With an image taking apparatus, such as a digital still camera, pressing the shutter causes the capturing of a still image. The taken original image data is subjected to internal signal processing, such as imaged signal processing and encode processing, and the resultant processed data is recorded to a detachable recording media for example. In this process, the taken original image data is temporarily held in an image memory before being subjected to internal signal processing. This image memory, formed by a DRAM (Dynamic Random Access Memory) or an SDRAM (Synchronous DRAM), has come to require a larger storage capacity prompted by the recent technologies of packing the greater number of pixels, but at the expense of increased hardware cost and power dissipation.

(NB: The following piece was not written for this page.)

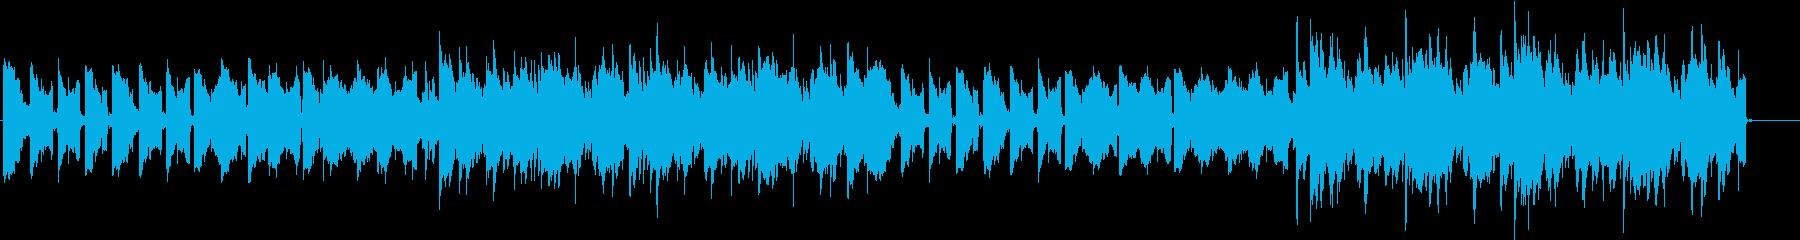 幻想的 トロピカル エレクトロ   夏の再生済みの波形

Therefore, with conventional image taking apparatuses, the taken original image data is compressed before being stored in the image memory. The compressed data is read from the image memory and decompressed to be subjected to later processing. For example, an image processing circuit is proposed (Japanese Patent Laid-Open No. 2002-111989 (FIG. 3) for example) in which the original image data is compressed by executing an entropy encoding processing such as binary arithmetic coding and Huffman coding on a difference value between two nearby pixels. In the conventional technique described above, the correlation between nearby pixels is used to reduce the amount of data to be stored in the image memory. The correlation between pixels is obtained by executing hardware or software processing; in the hardware approach, an entropy encoding processing circuit must be separately prepared, while the software approach presents a problem of making the processing time longer due to the packing of increasing number of pixels.
It is therefore an object of the present invention to provide a compression and decompression technique that is simpler than conventional equivalent but significantly reduces the required storage size of the image memory.